A. Les données démographiques

2. En 1930, la colonisation belge débuta le classement de Rwandais en ethnies sur base de deux critères principaux : la forme, la taille, le métier, et le nombre de vaches à hauteur de dix têtes de bovins. Dans ces conditions, le dénombrement fixa le pourcentage de Hutu à 84%, les Tutsi 15% et les Twa 1%. C’est l’explication donnée par les colonisateurs et les missionnaires (Chanoine Louis De Lacger, Le Ruanda ancien, Kabgayi, 1939).

3. En 1952, l’enquête démographique annuelle du Ruanda-Urundi (p.12) menée par la colonisation belge donnait les chiffres de la population de manière suivante : Hutu 81,5% ; Tutsi 17,5% ; Twa 0,9%.

4. En 1960, l’anthropologue belge Marcel D’Hertefelt, effectua un recensement en se basant sur les cartes d’identité déjà distribuées dans la population et trouva que les Hutu représentaient 83%, les Tutsi 16% et les Twa 1%. Ces chiffres résultaient d’en échantillon de 100.000 familles (Marcel D’Hertefelt, les clans de l’ancien Rwanda, Eléments d’ethnosociologie et d’ethnohistoire, Tervuren, 1971).
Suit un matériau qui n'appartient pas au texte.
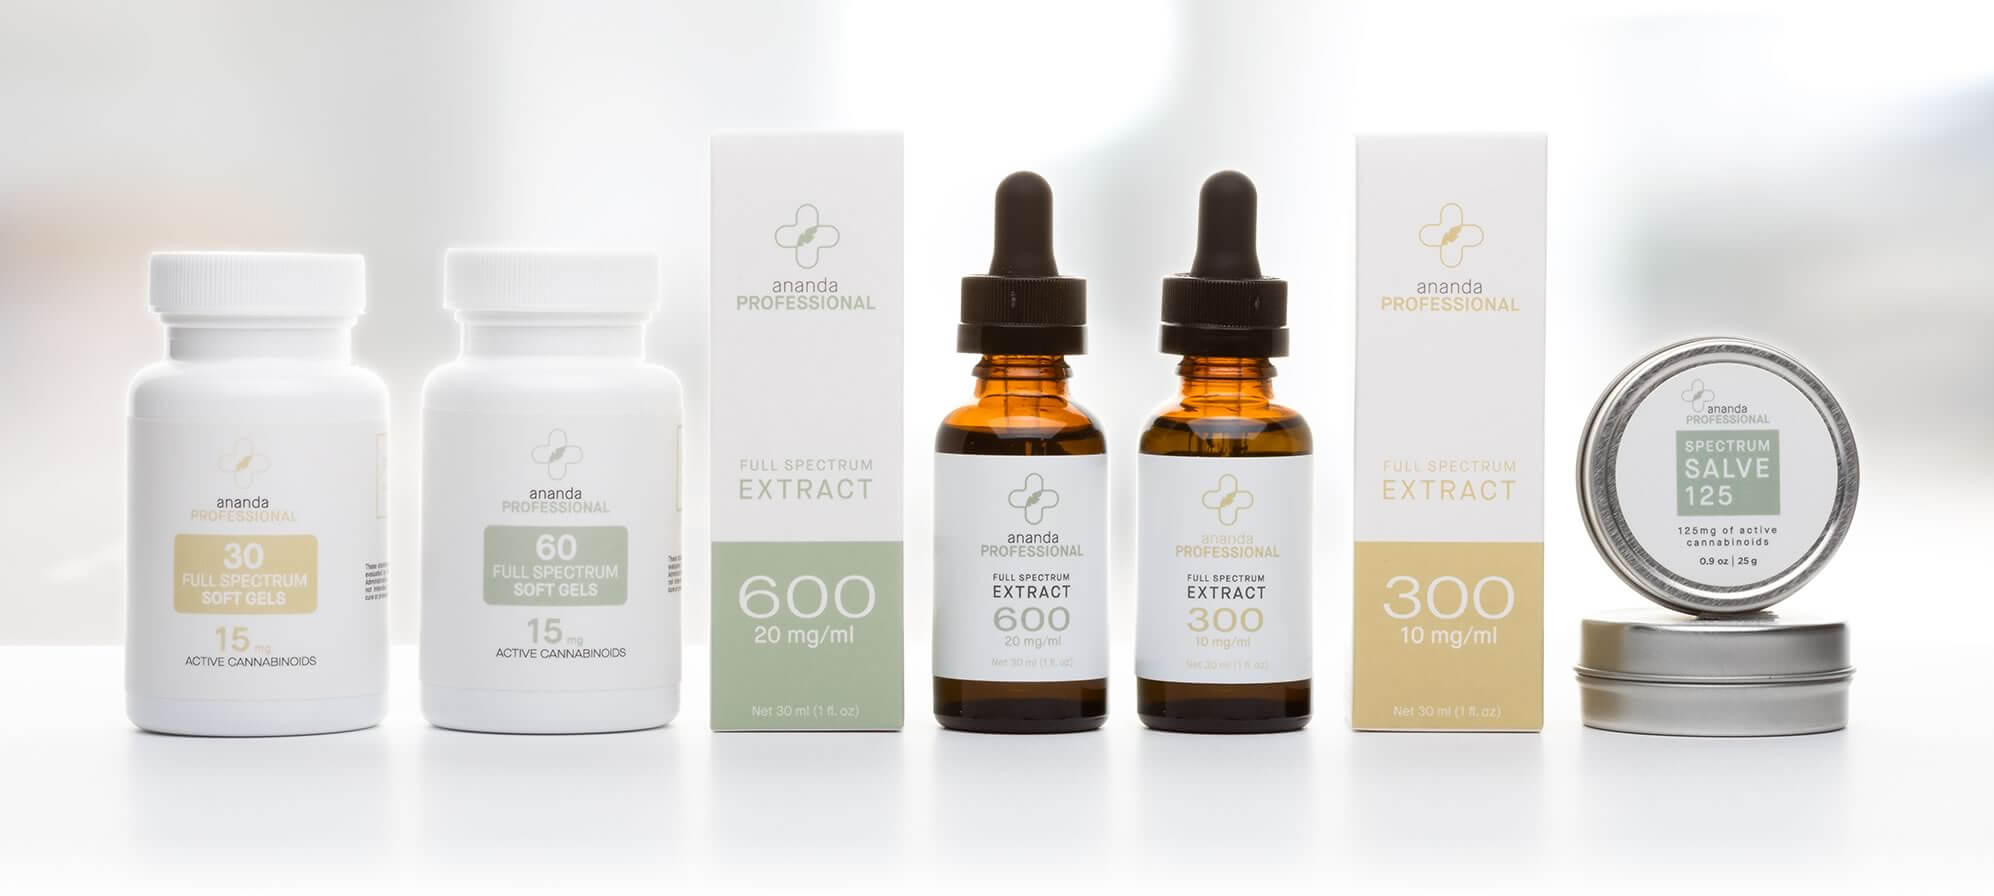 cbd products, image of our Thomas Seashore Drugs CBD products.

5. En 1960, les chiffres de la population, territoire sur territoire, rendus publics par le résident spécial belge au Rwanda, l’autorité suprême du pays depuis 1959, le colonel Guy Logiest et Hubert Bovy, à l’époque administrateur du territoire d’Astrida. Les résultats ci-dessous qu’ils ont publiés, résultant d’une enquête démographique montrent que les répartitions entre hutu et tutsi sur dix territoires, huit d’entre eux avaient un taux de tutsi allant de 13% à 30% de la manière suivante :
1) Kibuye 30% Tutsi (T), 69% Hutu (H)
2) Astrida 23% T, 76% H
3) Nyanza 22% T, 77% H
4) Shangugu 22% T, 77% H
5) Kibungu 16% T, 83% H
6) Gitarama 15% T, 84% H
7) Kigali 13% T, 86% H
8) Biumba 13% T, 86% H
9) Ruhengeri 8% T, 91% H
10) Kisenyi 6% T, 93% H (G. Logiest, Mission au Rwanda : Un Blanc dans la bagarre hutu-tutsi, Didier Hatier, 1987, p.42). Ces chiffres sont les plus vrais puisqu’émanant d’un recensement mené par des administrateurs belges qui s’est déroulé dans un contexte politique où la colonisation n’avait aucun intérêt d’augmenter arbitrairement le nombre de Tutsi. Elle cherchait plutôt à les chasser du pouvoir, dans des postes administratifs et dans les écoles. Prétendre aujourd’hui qu’en 1994, le nombre de ces Tutsi aurait diminué relève d’un mensonge éhonté.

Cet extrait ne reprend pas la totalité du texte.